▸ **What to produce**: Pictures are not part of the copy; repeat everything else in the records exactly.

*-*-*

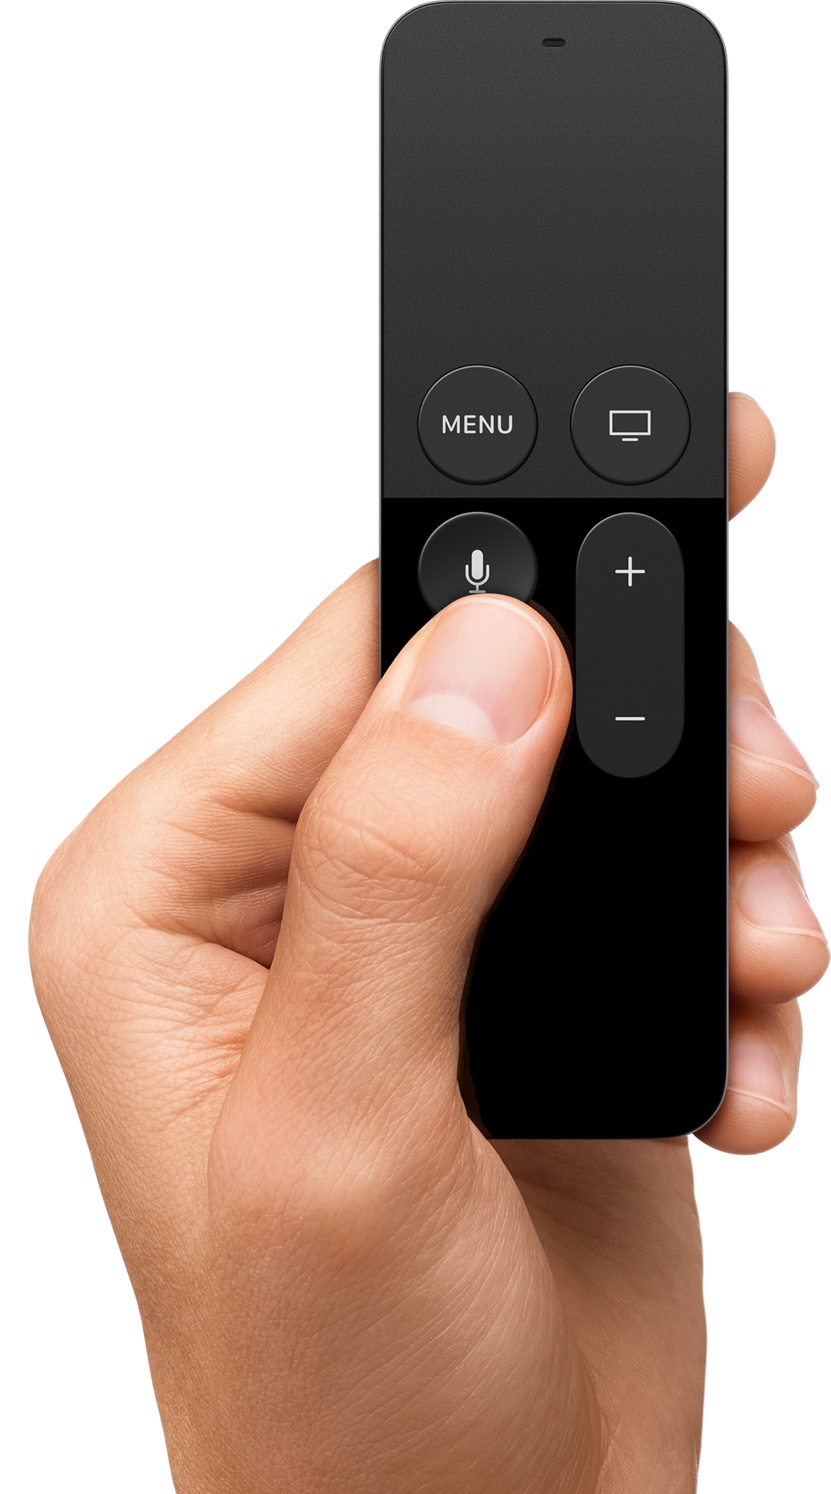 Apple-TV-4-remote-in-hand-image-002
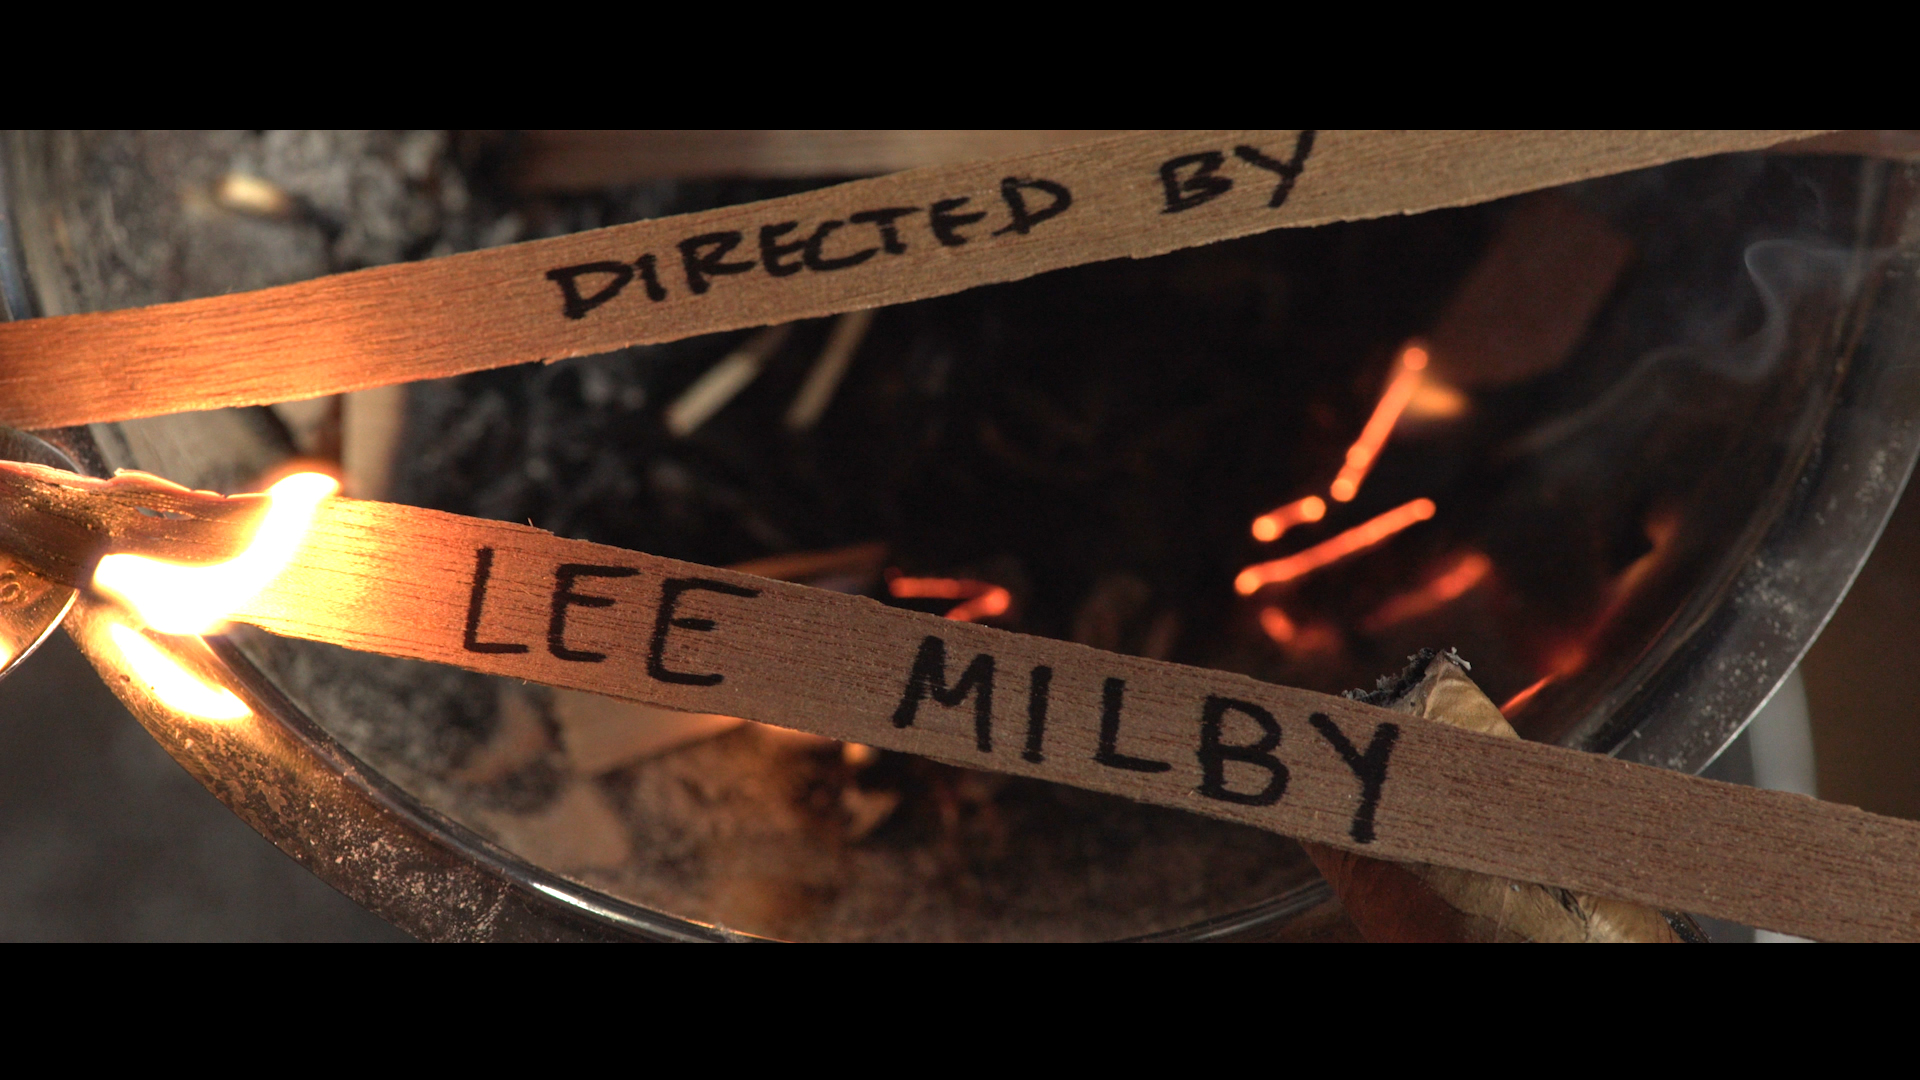 lee-milby-director-nyc
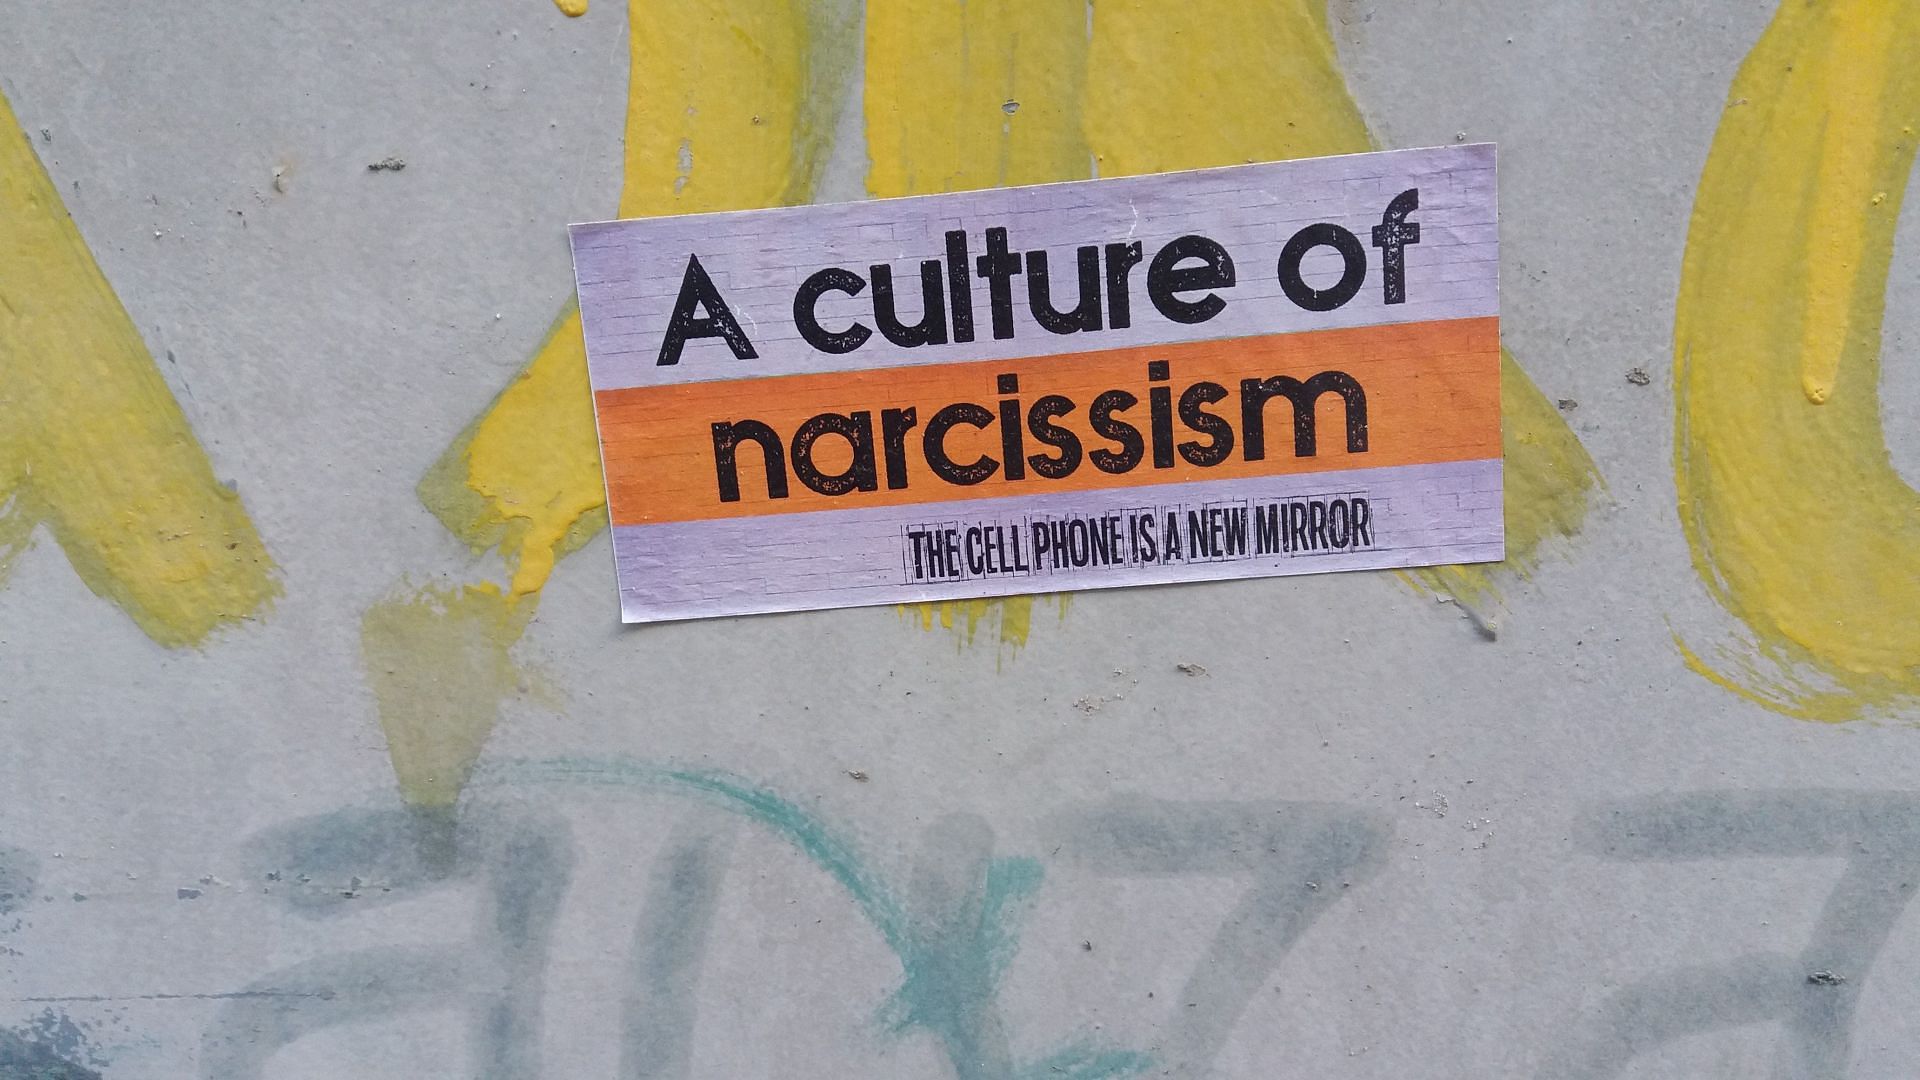 Individuals with narcissism are highly sensitive to criticism. (Image via Unsplash/ Marija)
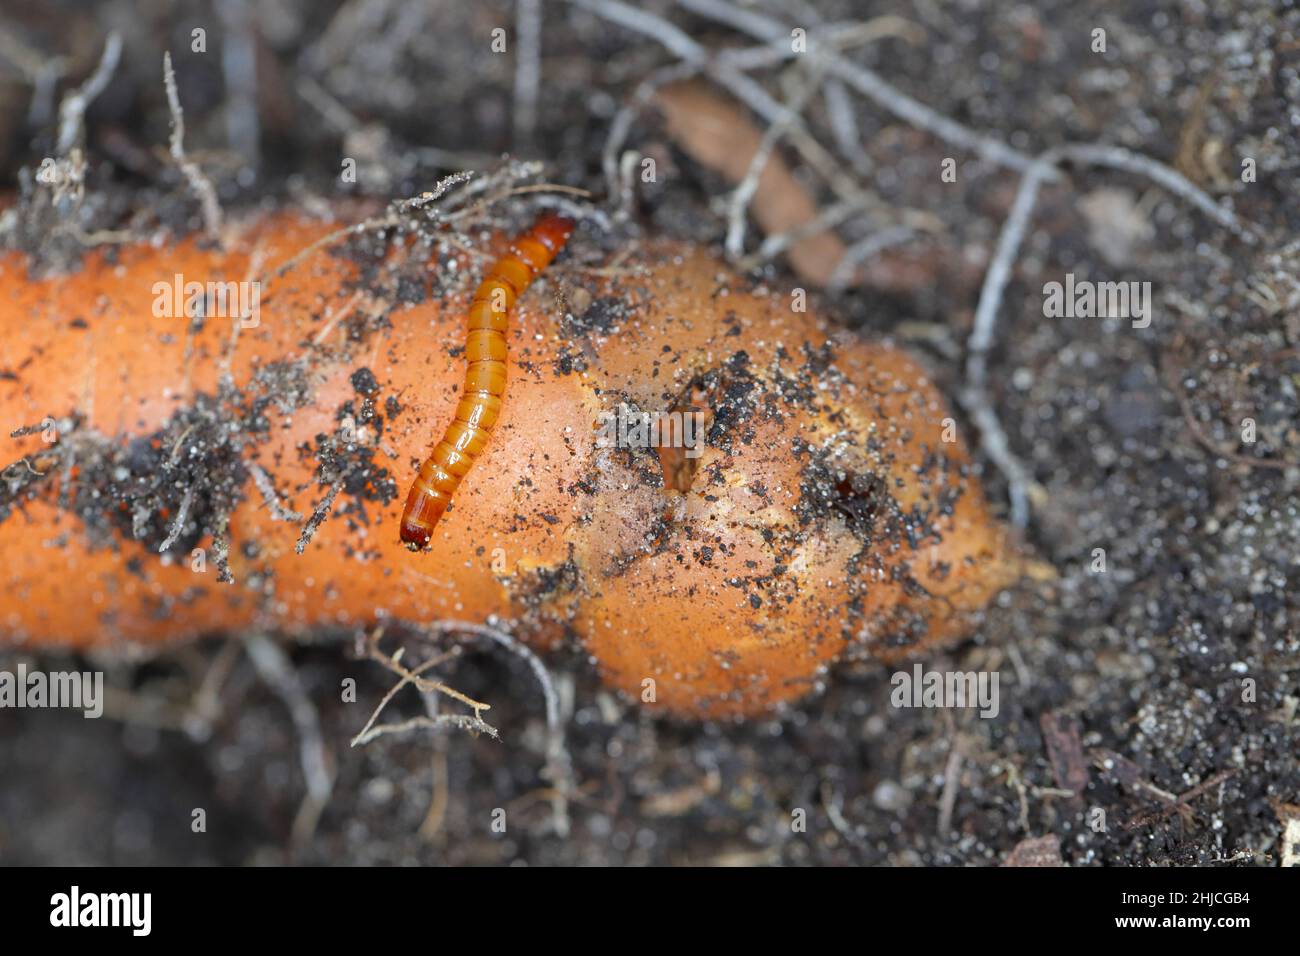 Carrot root destroyed by larvae of Elateridae - Click beetles family called wireworms. Stock Photo
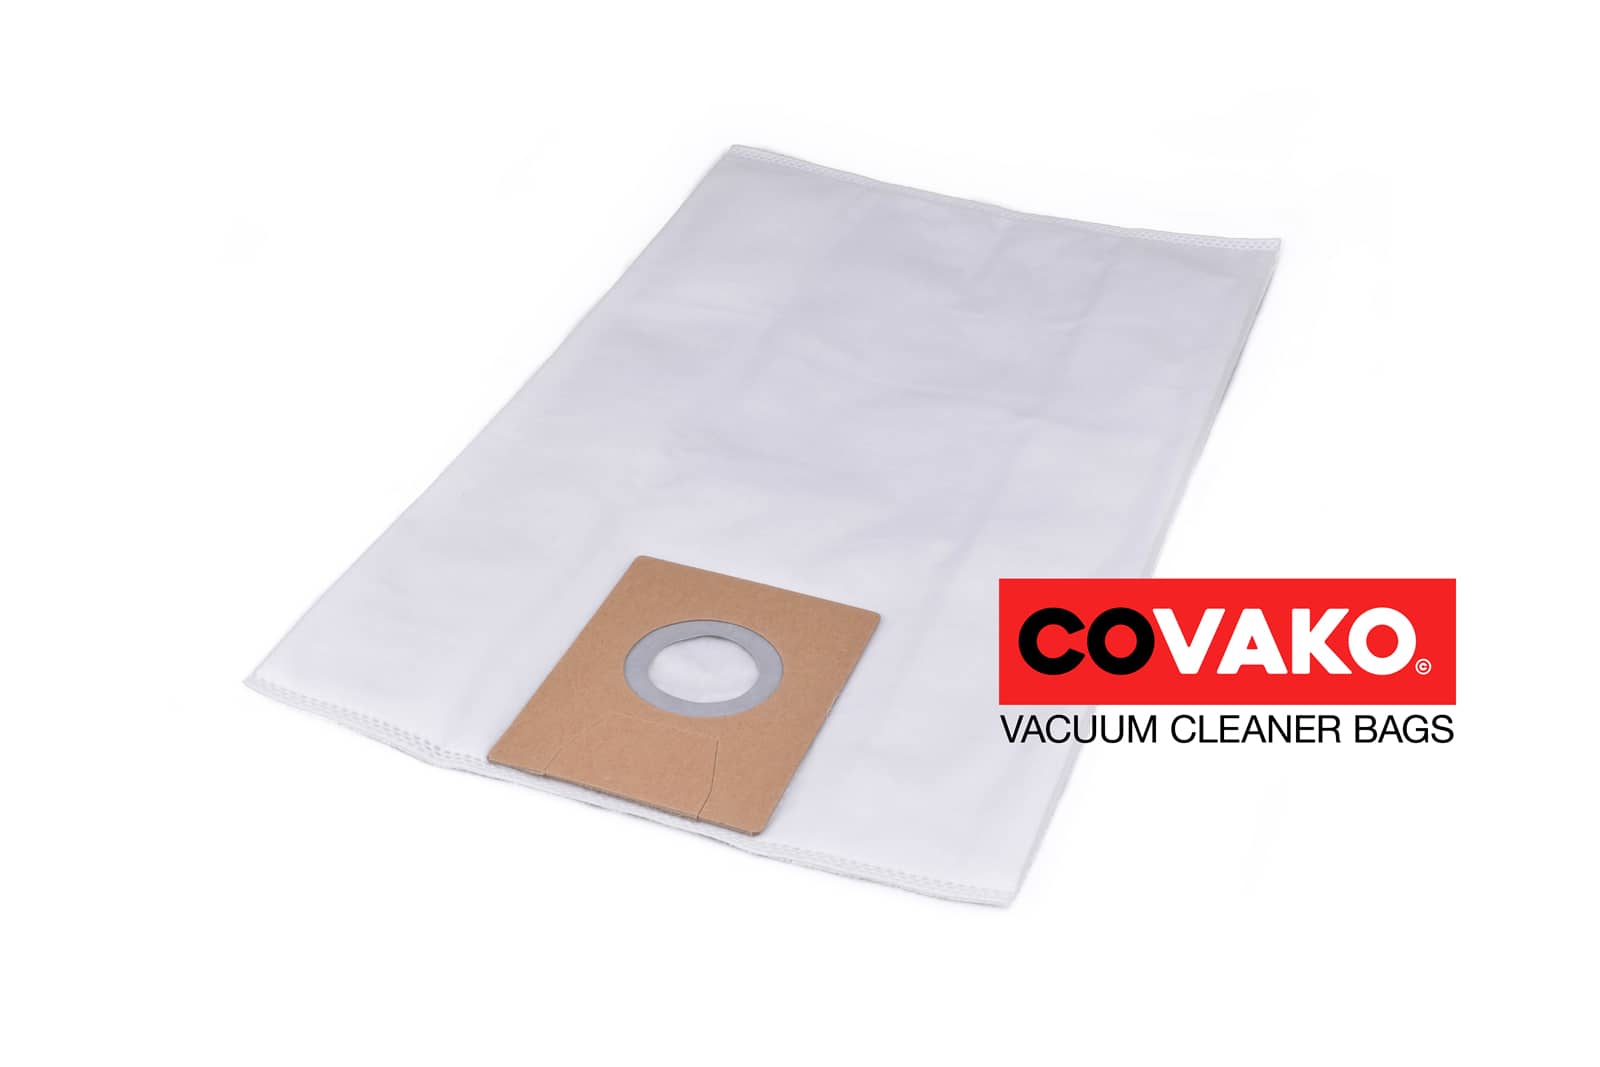 Nilco GS 1600 / Synthesis - Nilco vacuum cleaner bags
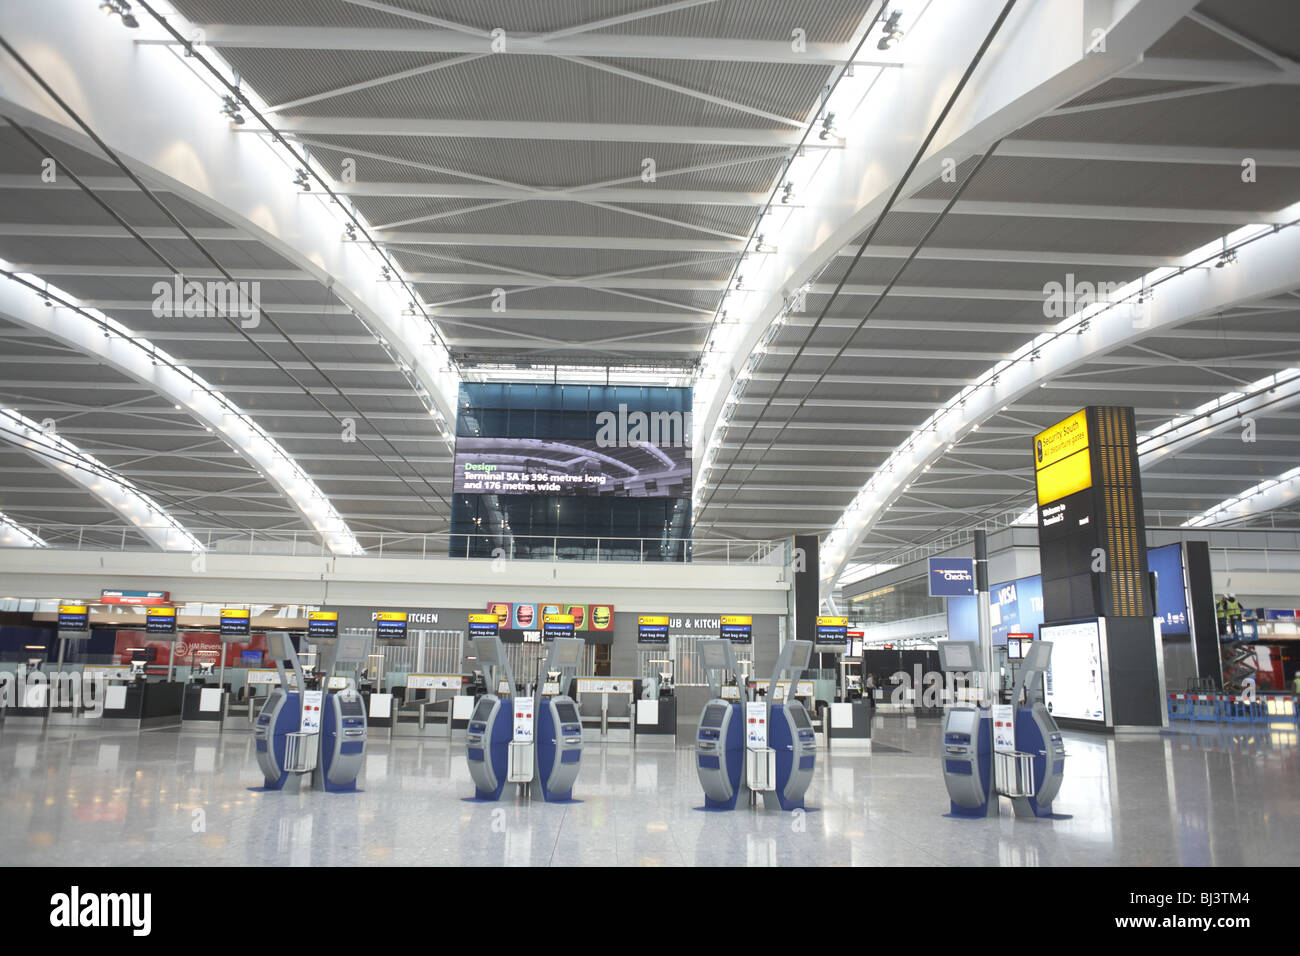 Heathrow Airport's terminal interior before official opening. Stock Photo

*-*-*

▸ **Result for this exercise**:
 Apple-TV-4-remote-in-hand-image-002
 lee-milby-director-nyc
 Individuals with narcissism are highly sensitive to criticism. (Image via Unsplash/ Marija)
 Carrot root destroyed by larvae of Elateridae - Click beetles family called wireworms. Stock Photo
 Nilco GS 1600 / Synthesis - Nilco vacuum cleaner bags
 Heathrow Airport's terminal interior before official opening. Stock Photo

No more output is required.